Any day now he hopes to hear whether he’s been successful at rescuing two of the steel plants being closed by Tata in Scotland, where 270 jobs are at risk. He’s already saved more than 1,200 jobs in the steel industry over the past few months, having bought the high-end engineering companies owned by Caparo after it collapsed last autumn, rescuing 1,000 jobs, and re-opened the mothballed rolled coil steel mill at Newport, saving 150 jobs.
There’s more to come. Mr Gupta is looking at a steel plant in the Middle East, talking to Tata Land Rover Jaguar about joint ventures in India, and recently bought the Tungsten Bank, which he wants to reshape into a challenger bank championing investment in industry, energy and commodities “because UK banking needs to be improved for SMEs in manufacturing”.
Truth be told, it’s thrilling here in his Mayfair office. There’s a buzz of raw energy that you don’t find in many corporate HQs. Sitting close-by are his lieutenants, waiting to catch him to talk through the various deals. An assistant from Ermenegildo Zegna, who has brought suits for him to try, is waiting too.

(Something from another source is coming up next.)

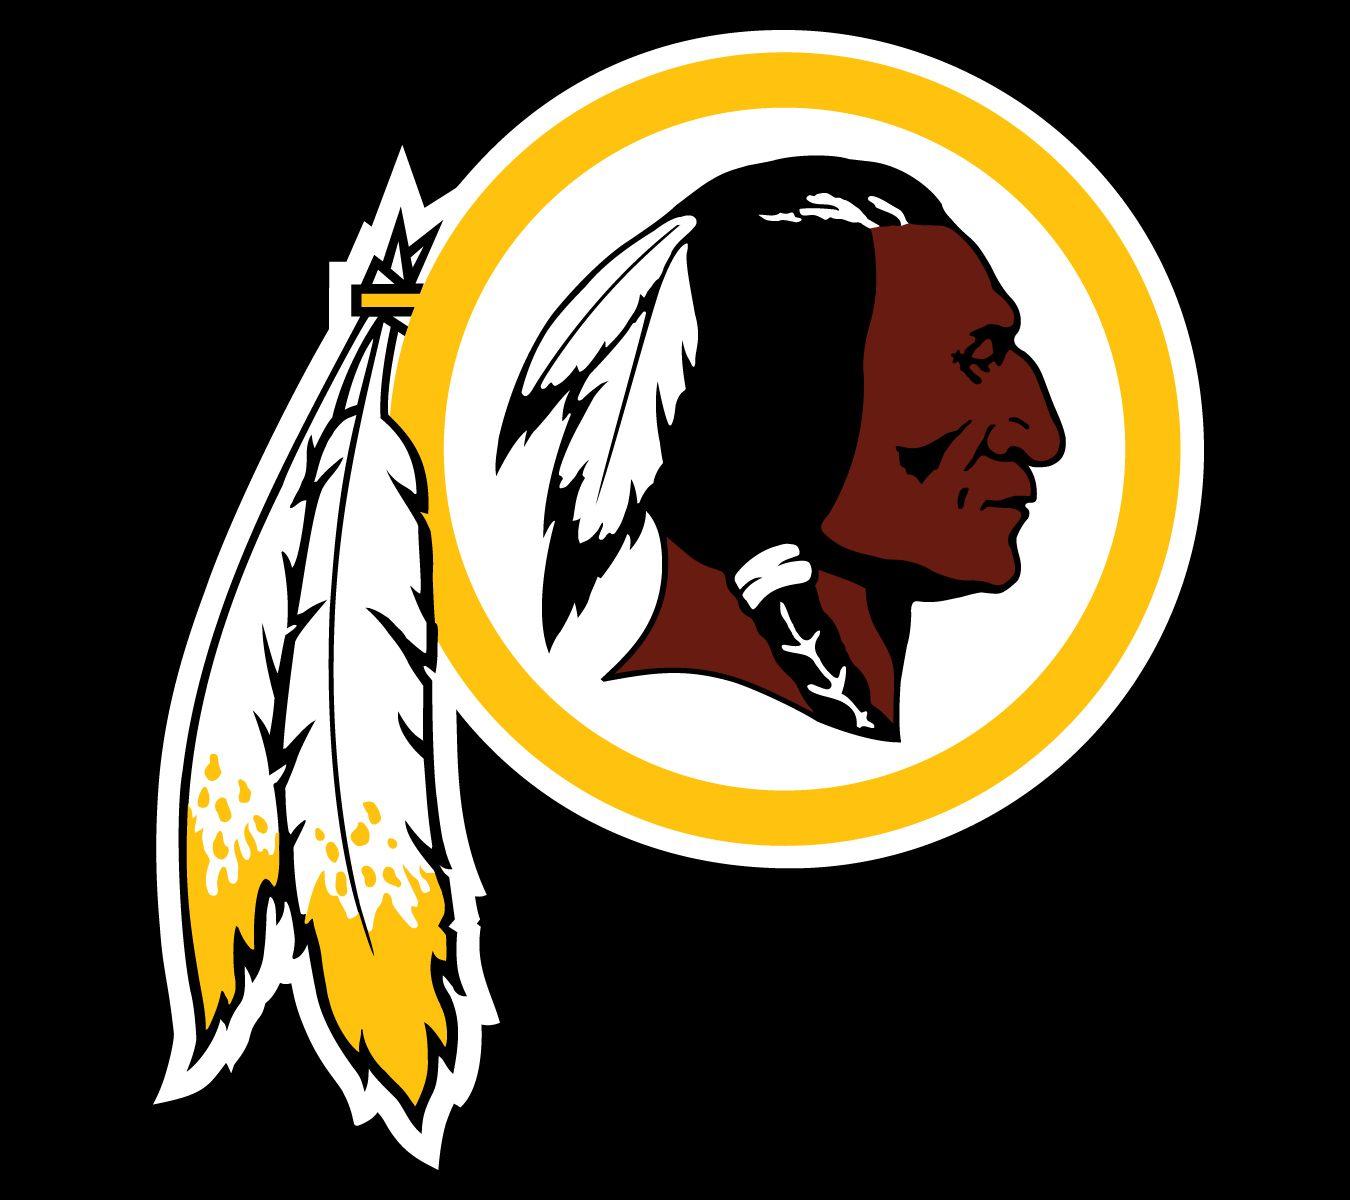 American with Red and Yellow Logo - Washington Redskins Logo, Redskins Symbol, Meaning, History and ...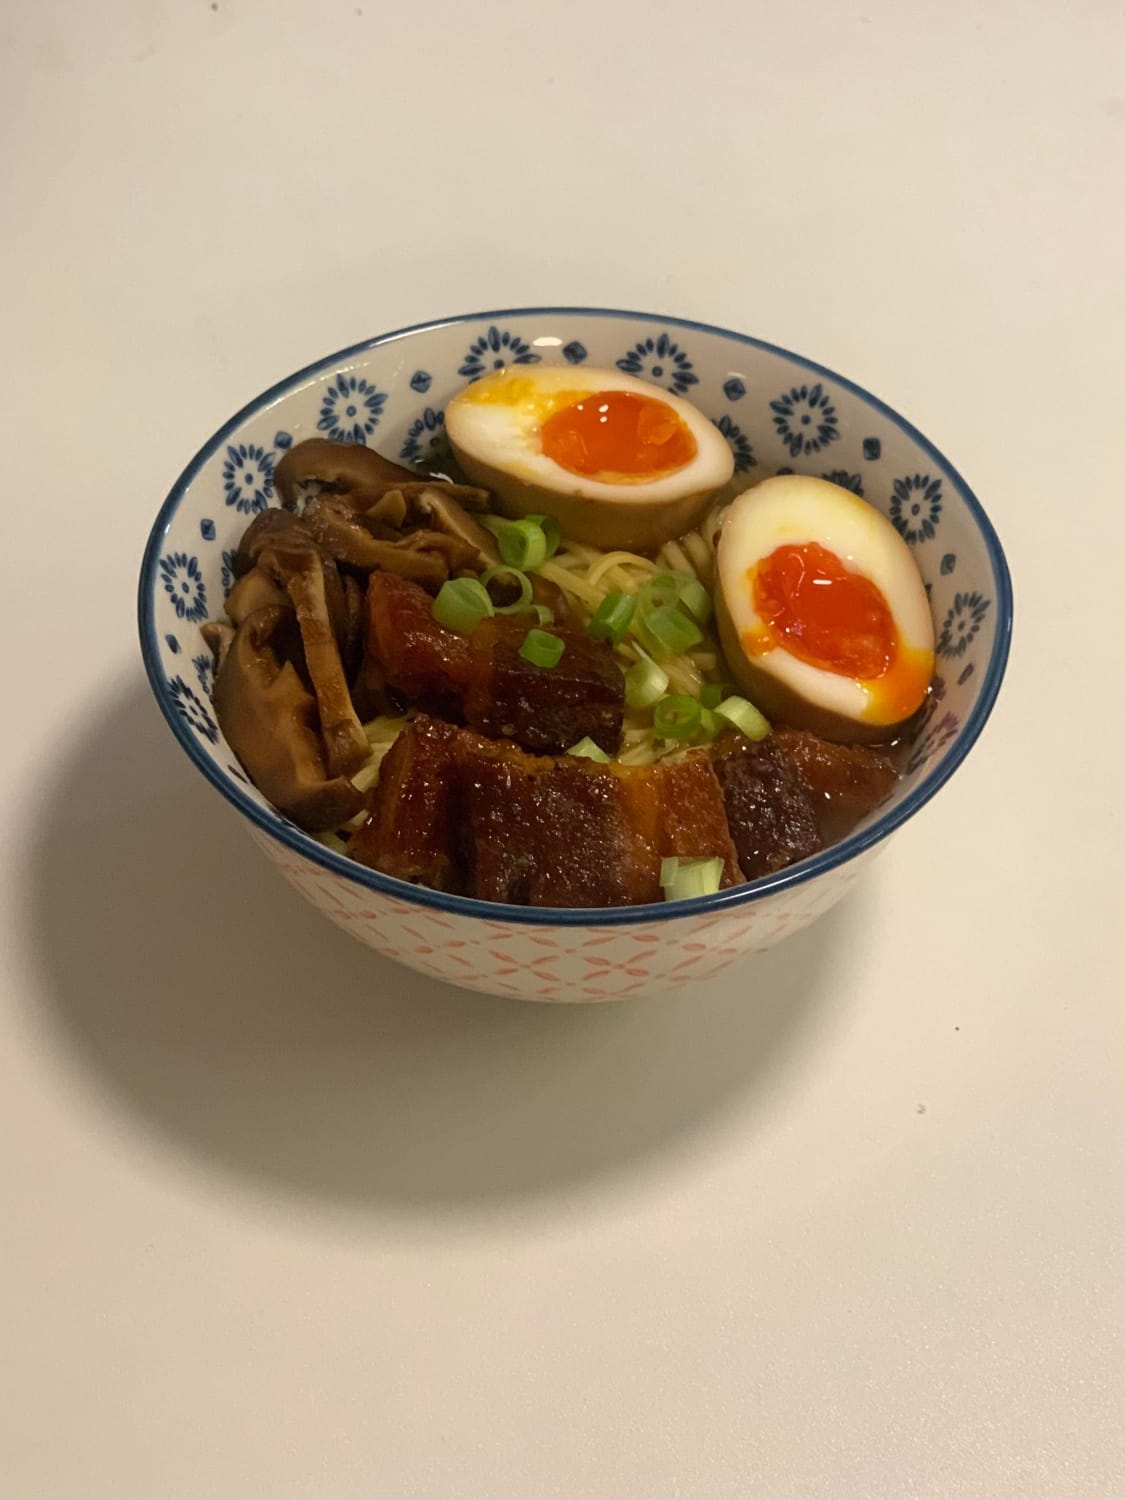 Ramen I made for dinner with home pickled Shiitake mushrooms, 7 hour Soy eggs and vegan pork belly. I forgot the edamame beans though

So who is Sanjeev Gupta, or SKG as he’s known (his 72-year-old father is PK), who is helping save the UK’s steel industry? First some facts: he is 44, born in Punjab, came to board at St Edmunds College in Canterbury in his teens after visiting his brother at school there, fell in love with the UK and refused to go back.
After A levels, Gupta took two gap years, selling bicycles in Turkey for his father’s company (his father, who left school at 11, owned Victor cycles among other businesses), then studied economics at Trinity College, Cambridge.
It was from his room in halls that his trading career took-off in 1992, first by selling ICI’s chemicals products to Nigeria, where his father had big interests through his international trading group Simec. “The Nigerians loved British products and paid a big premium for them,” he recalls.
Business was going so well that relatives helped out. “They were heady days – we were trading £1m a day.” But the university wasn’t so happy. “They threw me out of halls because you can’t have a business registered at college. I wanted to use the college address – it was a charity – because it meant the telex machine was exempt from VAT.